§ **Data to use**

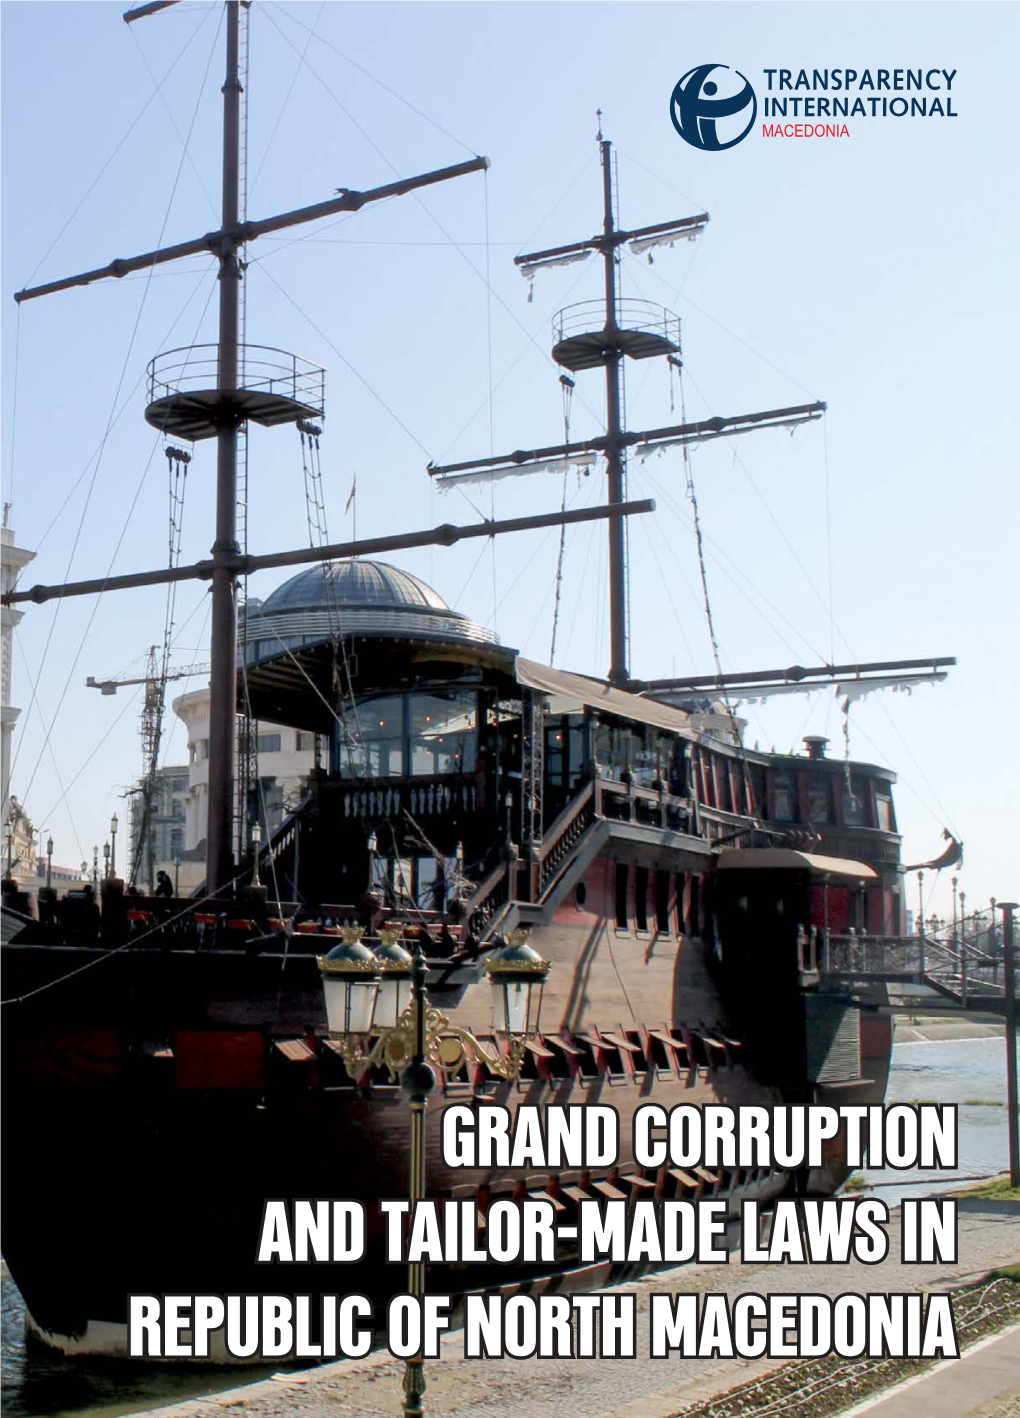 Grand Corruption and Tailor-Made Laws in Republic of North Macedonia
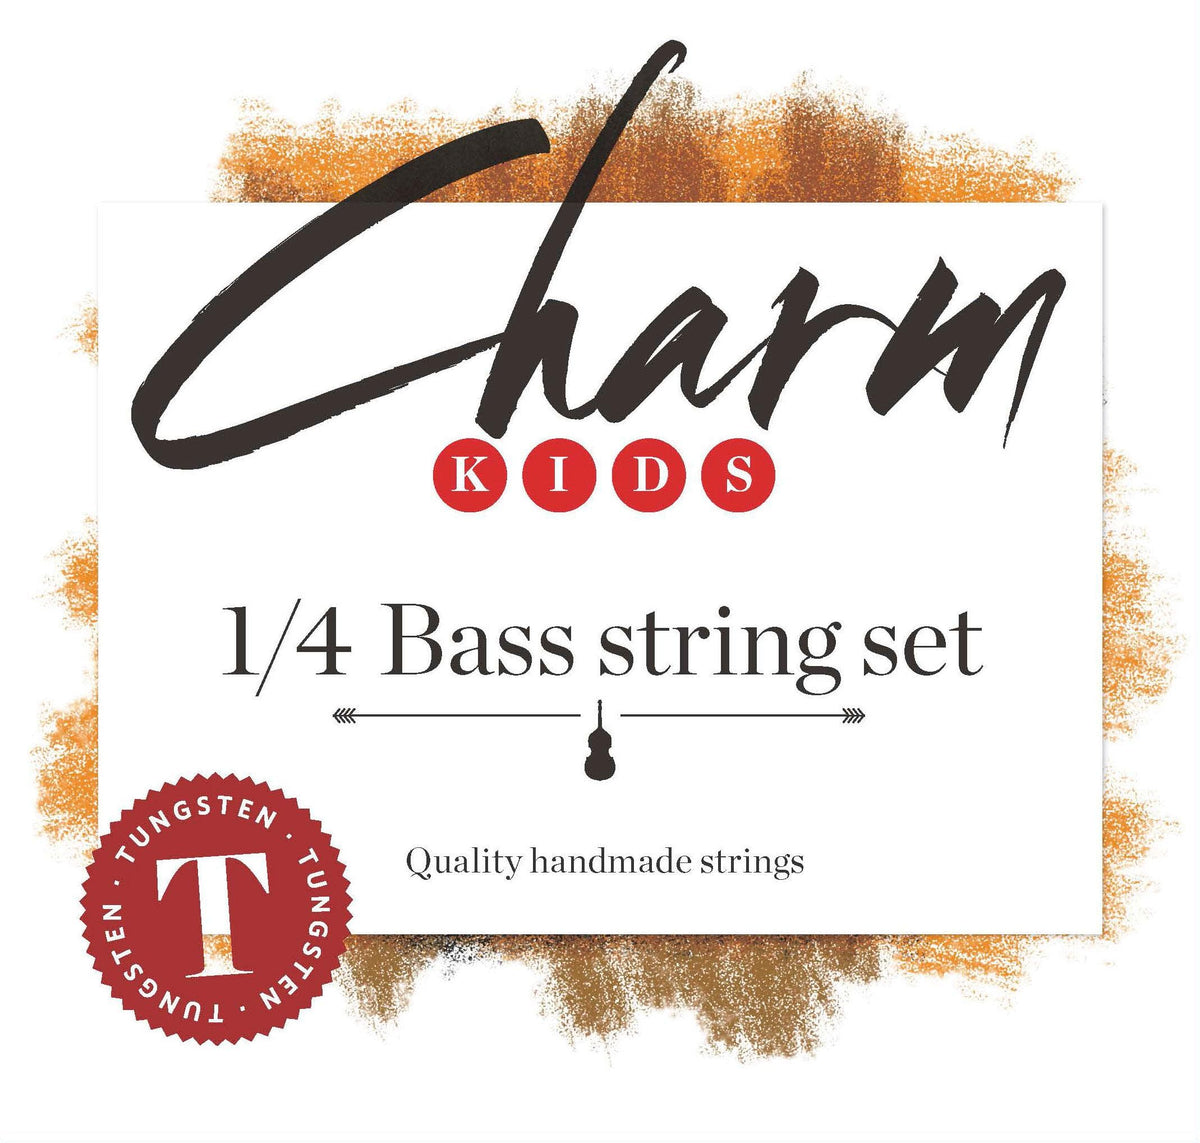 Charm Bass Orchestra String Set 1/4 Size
---
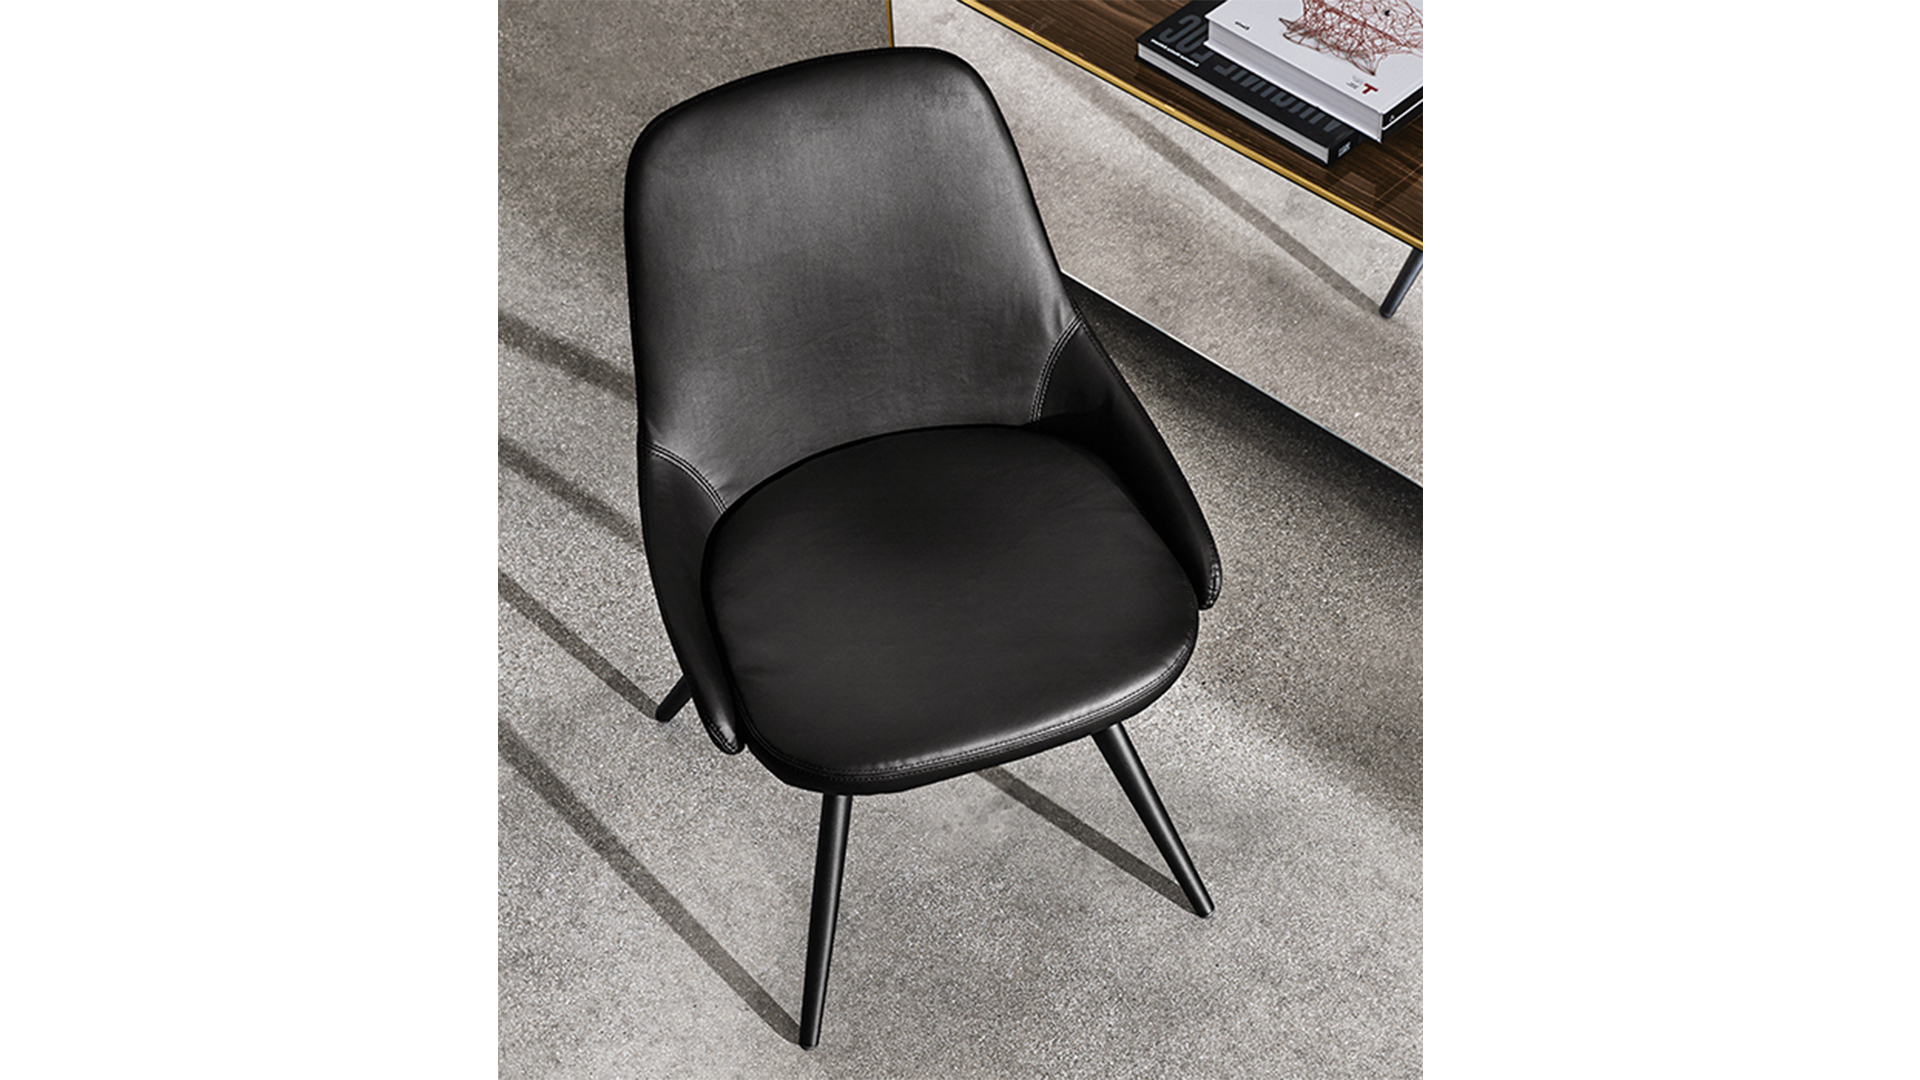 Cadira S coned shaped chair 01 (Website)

§ **About this task**
With the pictures omitted, restate word for word the lines above from the line that has "Grand Corruption and" up to and including the line that has "Charm Bass Orchestra String Set 1/4 Size", and no other lines.

§ **Output below**
 Grand Corruption and Tailor-Made Laws in Republic of North Macedonia
 Charm Bass Orchestra String Set 1/4 Size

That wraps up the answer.